The caretaker’s shoes

Somehow, I don’t think there has been any previous Pakistani head of state who has had a shoe thrown at him. In that respect, Gen (retd) Pervez Musharraf has established a first. Admittedly, normally former military dictators do not run for the Prime Ministership, but he is doing so. The only former President to run for office again was the late Farooq Leghari, who founded the Millat Party. However, the shoe-throwing also brought out another first by Pervez Musharraf. It happened in a court, where Musharraf had gone to extend his pre-arrest bail. He must be the first ex-President who can only walk around in his own country on bail. It was a reminder that he was accused in not one, but two, murder cases, of a former Prime Minister, as well as a former governor and chief minister. But then, it should be remembered that he is a commando who can do anything. Including having shoes thrown at him? The shoe didn’t hit, but it seemingly hurt, because he was at pains to insist that ‘his people’ had beaten up the thrower. Not exactly what someone accused in murder cases should be saying, is it?
Or does he hope, like those accused in the Shahzeb murder case, to get the witnesses to withdraw their identifications? Perhaps the Army should do some thinking, for though he may not be the first ex-President to have a shoe thrown at him (George W. Bush was the first), he is certainly the first former Chief. He is not the first ex-Chief to hold party office (that was probably Tikka Khan, who was PPP Secretary-General), but he is certainly the first one to have a shoe thrown at him. Tikka swung a dashed efficient shoe at one of Benazir Bhutto’s pre-marriage functions, which is what Musharraf would want shoes to be used for, not flung about the place. Tikka may have undergone house arrest under Zia, but he was never a murder accused.
Those cases must make Musharraf envy President Zardari, because he would like to use presidential immunity in those cases too, just as the President has used it in the Swiss cases. By the way, no one has accused Bilawal of going abroad to spend the Swiss accounts money on the ‘use it or lose it’ principle.
The President should pay more attention to his son, the poor motherless boy, who has inherited a party much too early.
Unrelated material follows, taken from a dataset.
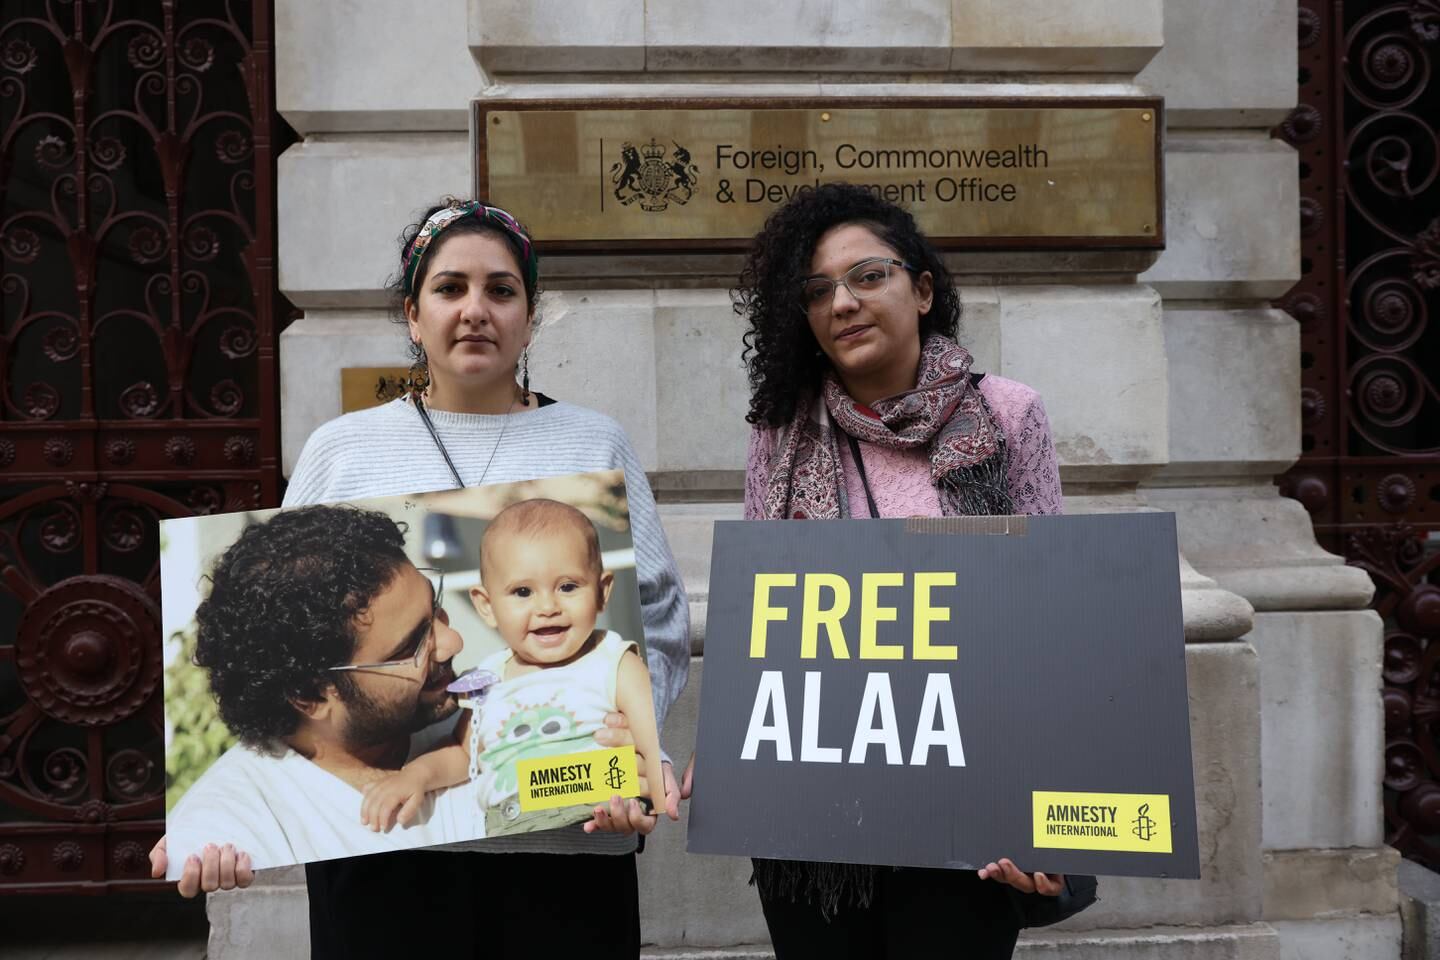 Mona Seif, left, and her sister Sanaa hold placards calling for the release of their brother, Alaa Abdel Fattah, outside the Foreign, Commonwealth and Development Office in London, last month. Getty 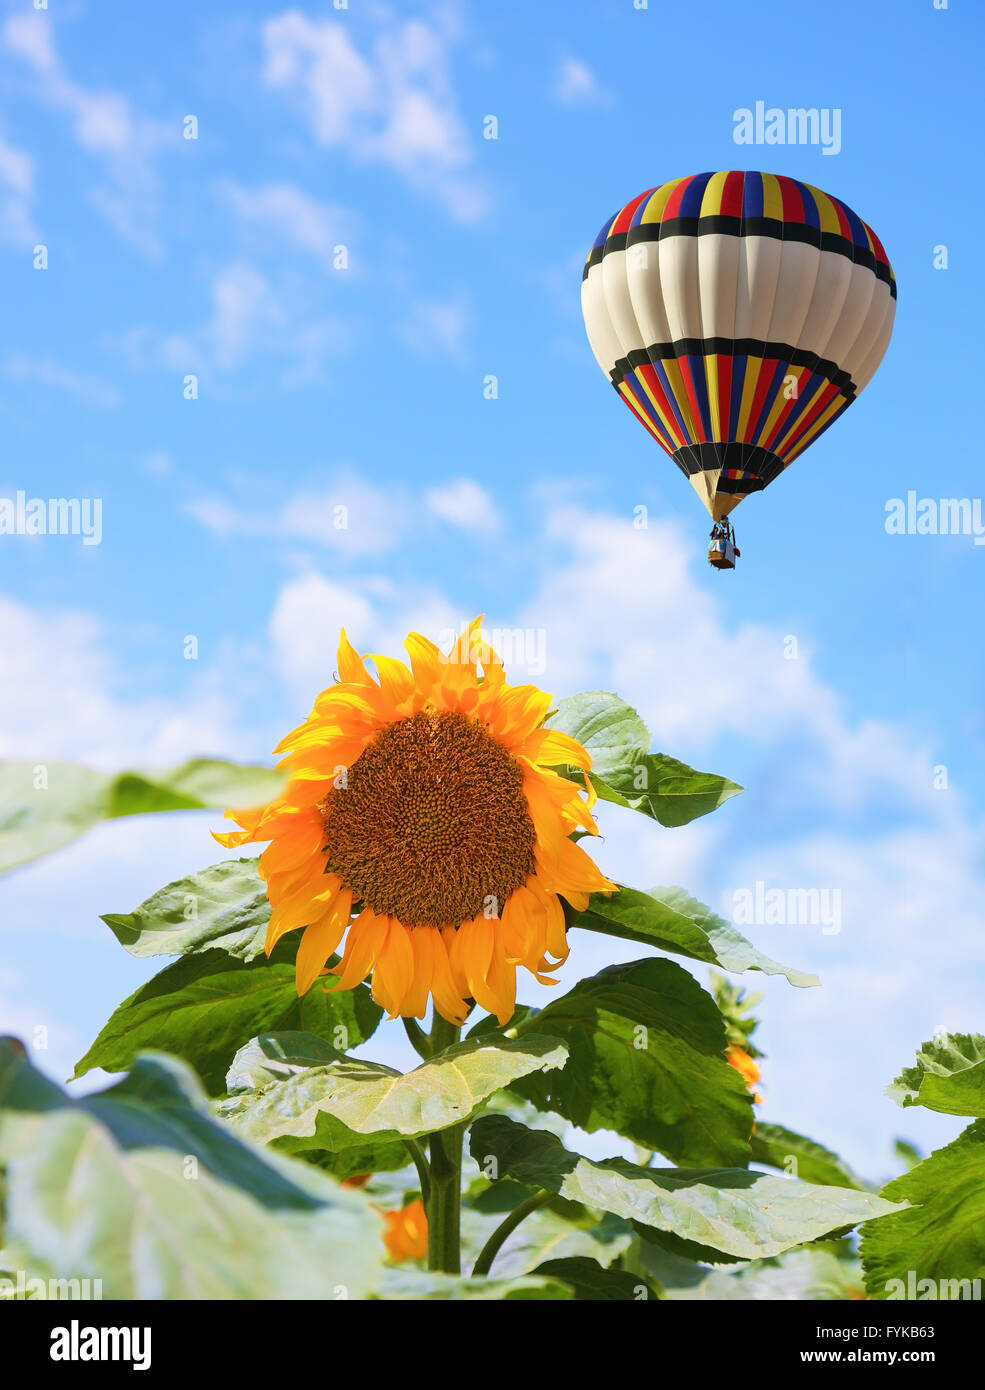 The balloon flying over a field of sunflowers Stock Photo

He shouldn’t be writing to the Myanmarese interfering in their internal affairs, telling them to stop killing Rohingya Muslims. If he wants to write letters, maybe he should write to the US President, and tell him stop the drone attacks killing Pakistanis, who are Muslims to boot. Well, so is Musharraf to boot. Or should one say, to shoe? Anyway, if the President is concerned about Muslims, what about the Yemenis and Somallis also being killed by drones. Or would raising the issue of drones constitute an interference in internal US affairs? Shouldn’t he write now to the Sri Lankan government asking if it needed any help like that Pakistan is giving the USA over drones?
Well, let’s leave the President as well as the ex-President, and congratulate ourselves that we have not just got all the caretaker PMs and CMs we can have, but a couple of caretaker Cabinets. At the rate at which they are going, it seems that Punjab caretaker CM Najam Sethi will form his caretaker Cabinet by the next weekend. I suppose all TV talk show hosts are walking a little taller now that one of their number has become a CM, and now I suppose there are a few hosts who aspire to the caretaker PM’s post.
It’s interesting that Sethi has been a caretaker before, having once been a caretaker PM’s Adviser, about 20 years ago. So scan the lists thoroughly, of caretakers, if you want to find the caretakers of the future. I suppose there’s an appropriateness to a journalist being caretaker CM, because the media has an interest in fair elections, while politicians have one in winning. It would be nice if the elections are fair, but not necessary. In fact, that is how military rulers get politicians to support them. By saying that fair elections would yield governments which would not follow the ‘national interest. So it would be all right to have a government which might not be elected, but which followed the national interest which it defined itself.
I wonder whether Najam Sethi succeeds Shahbaz Sharif as Chief Minister, or Sh Ejaz Nisar, the retired judge who was the 1997 caretaker. Sethi had no chance of being elected, because Pakistan is as British in its dislike of the intellectual as anyone, and Sethi, who was a bookshop owner before becoming a newspaper editor or talk show host, is an intellectual. France likes intellectuals, and Sarkozy was the first French President in recent times not to have written a book while in office. So does India, where Vajpayee was actually a Hindi poet. Bhutto was a formidably well-read man, and there was some suspicion of his daughter, but there is none of his son-in-law, about whom it would be a great shock to learn he was a (Sindhi) Seraiki poet in hiding.